Is there any way to do this and avoid using ios::binary? I've tried changing File << "four"; to File.write("four", 8); but it just writes "four" eight characters into the file and nothing else is there. Thanks
You can read the entire file, modify what you get and output that overwriting the entire file
The ultimate goal is to be able to replace something given its memory location, without processing or storing the whole file in ram.
Try to open the file both for input and output ( you will need a fstream for that )
Well, I got it to work with fstream. Whats weird is if that I have File.open("file.txt", ios::out) it will replace the whole file, but if I have File.open("file.txt", ios::out | ios::in) or only ios::in it WILL output (I supposed because of the fstream) and will "type over" the text currently in the file, exactly what I wanted.

edit:
I actually got it to work with ofstream too. It seems very weird, but it works
ofstream File;
File.open("file.txt", ios::in); //ios::in with ofstream seems counterintuitive but works.. anyone know why?
File.seekp(8, ios::beg);
File << "four";
File.close();
With ios::in the stream will preserve the old data to allow input operations.
Maybe ofstream with ios::in allows input but doesn't provide functions to do so.
That's non-standard.

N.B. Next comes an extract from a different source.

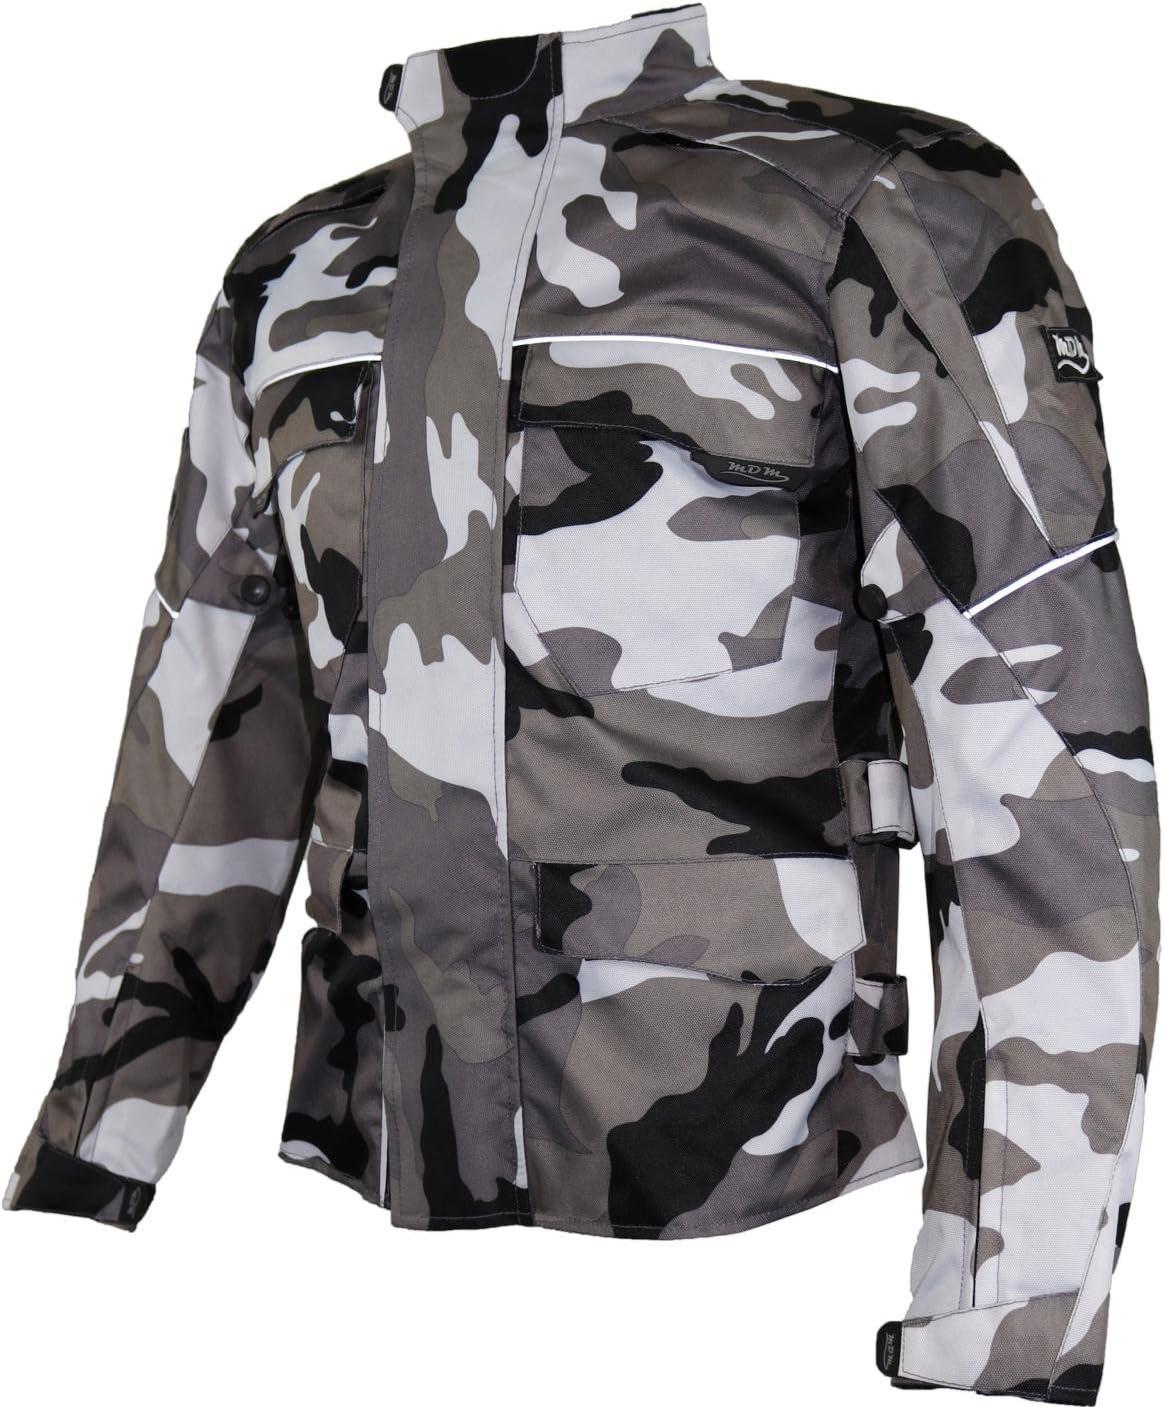 3XL MDM Motorrad Textil Jacke Motorradjacke Racing Wasserdicht Schutzjacke Sommer Camo Camouflage
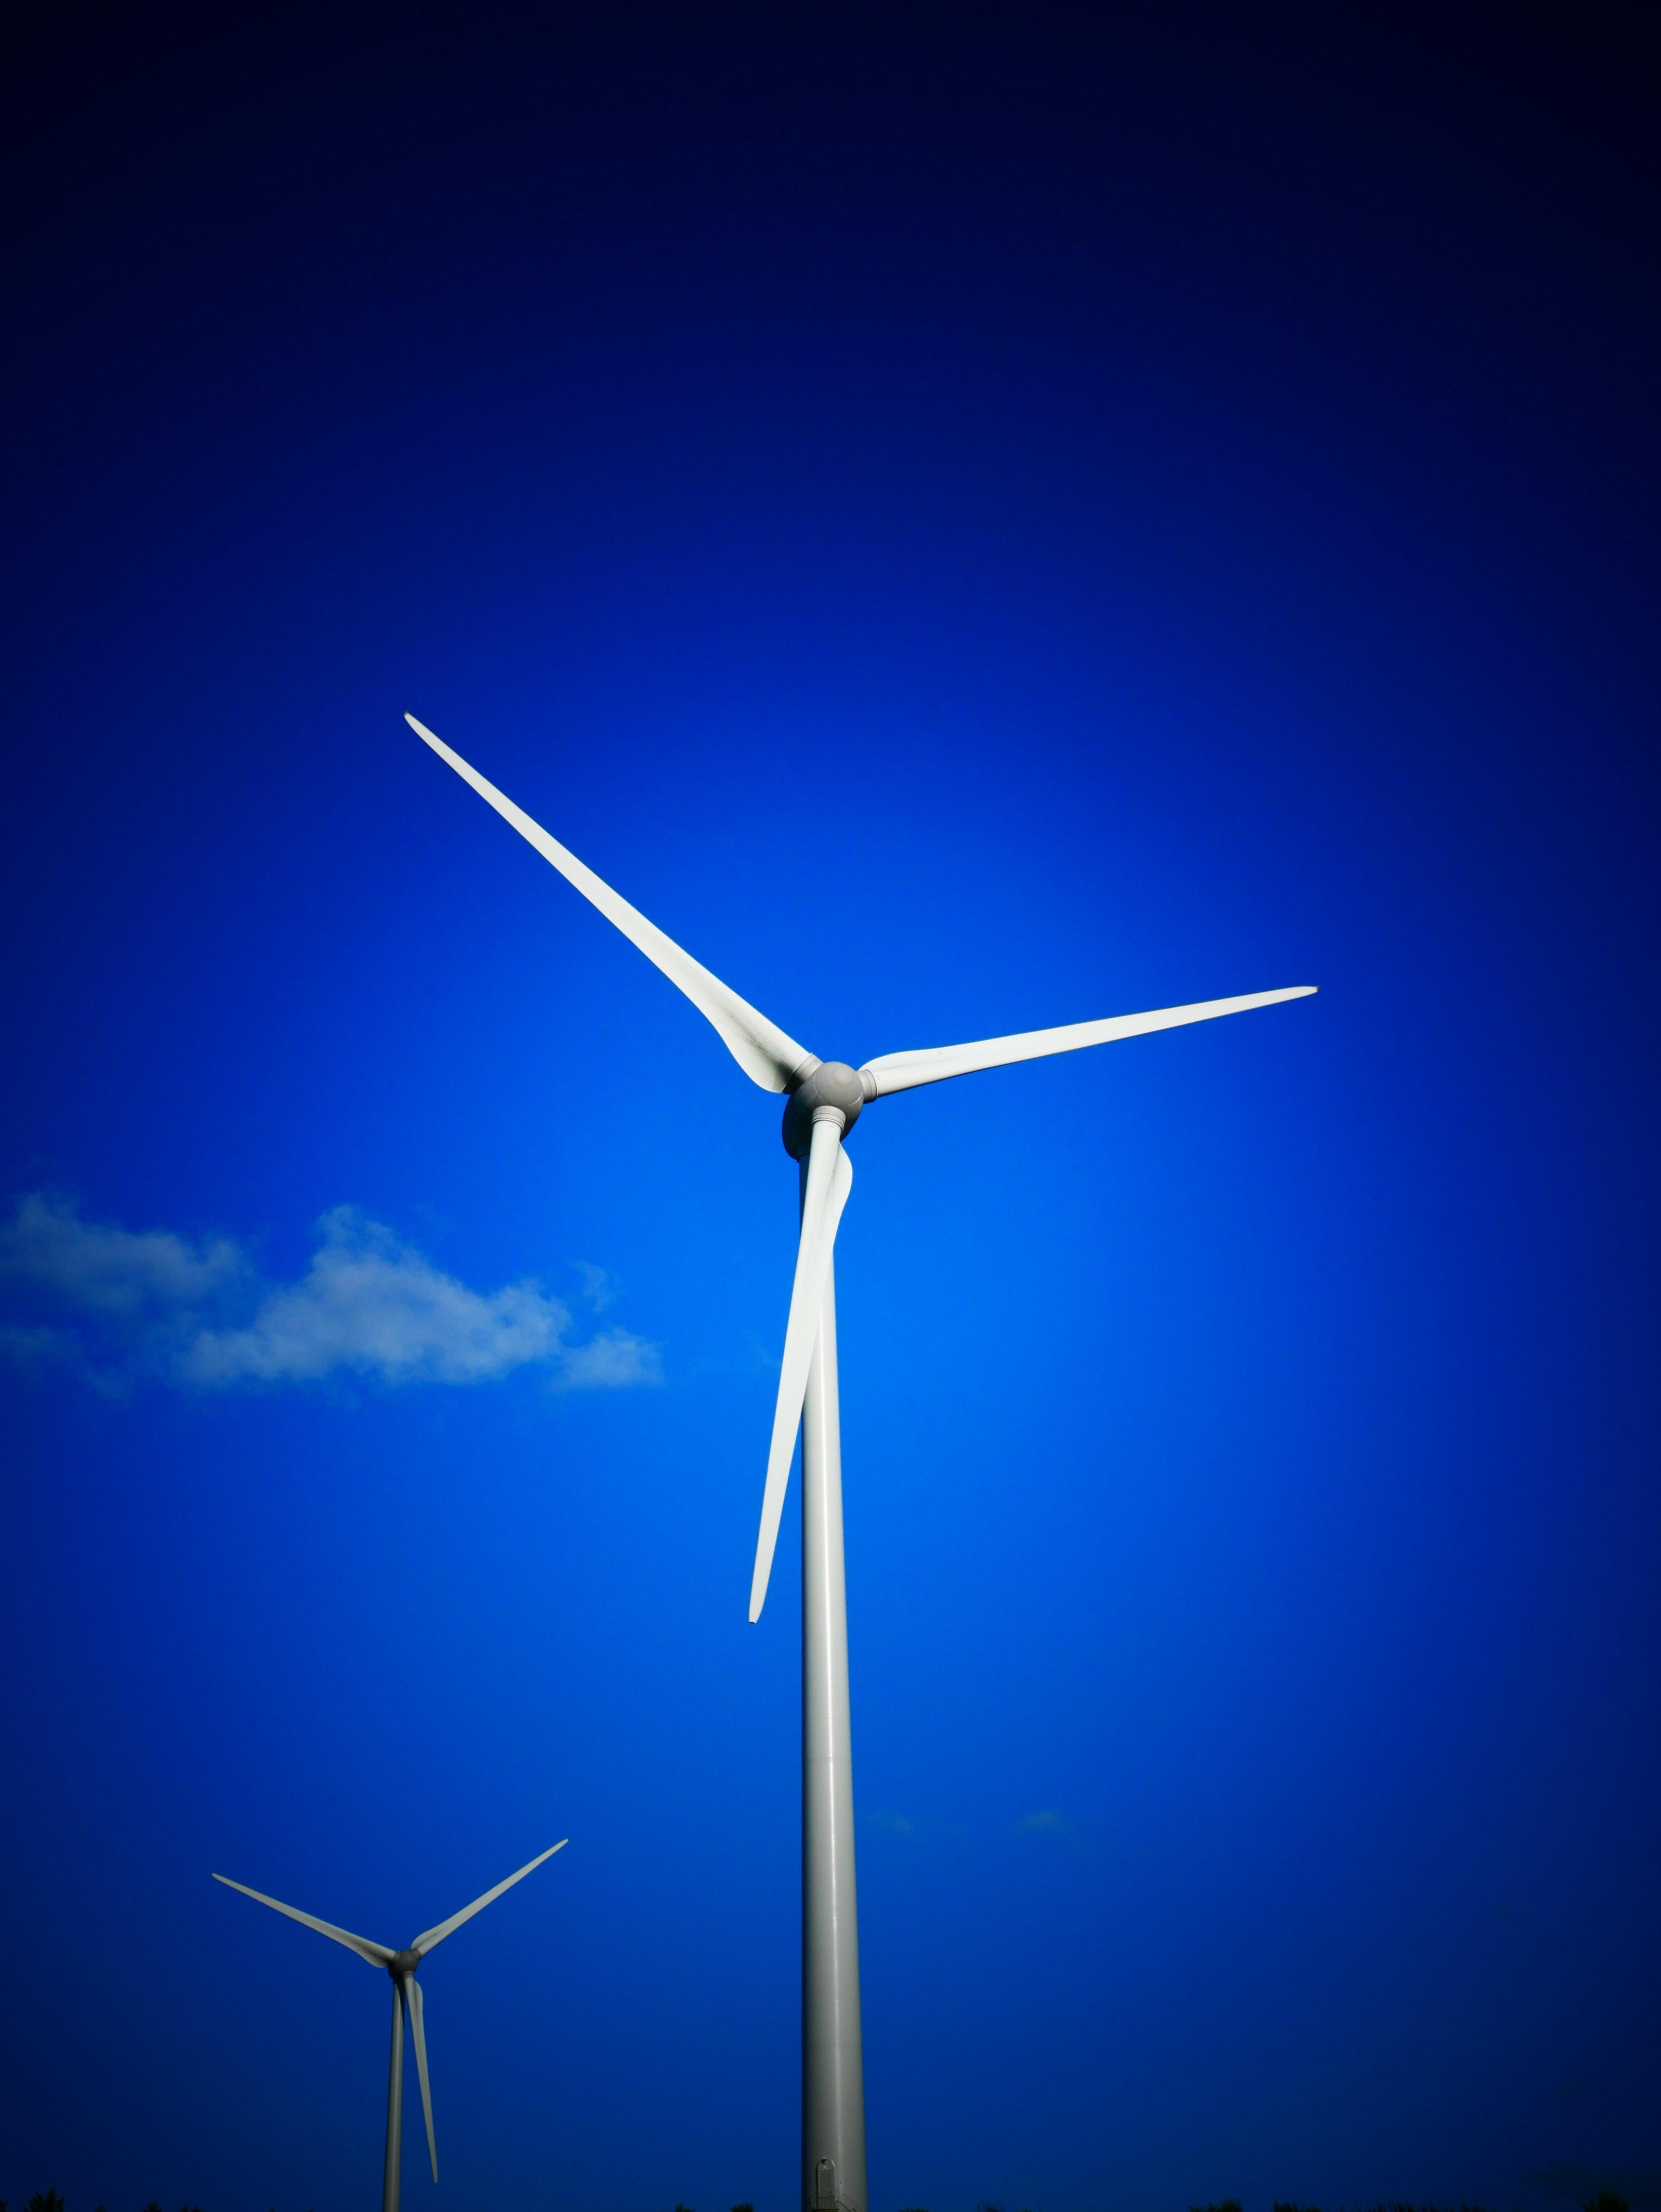 3 Blade Windmill 183 Free Stock Photo

You're lucky the people who wrote your compiler's STL let that work. I wouldn't have.

Why not just use the proper stream type?
You could just read the file in chunks and use a temp file to store the new data. Read the first 40-50 characters into memory, make the changes needed, place the data into the temp file. Then go onto the next 50 and repeat the process until the end of file is reached, then copy everything from the temp file into the normal file and delete the temp file.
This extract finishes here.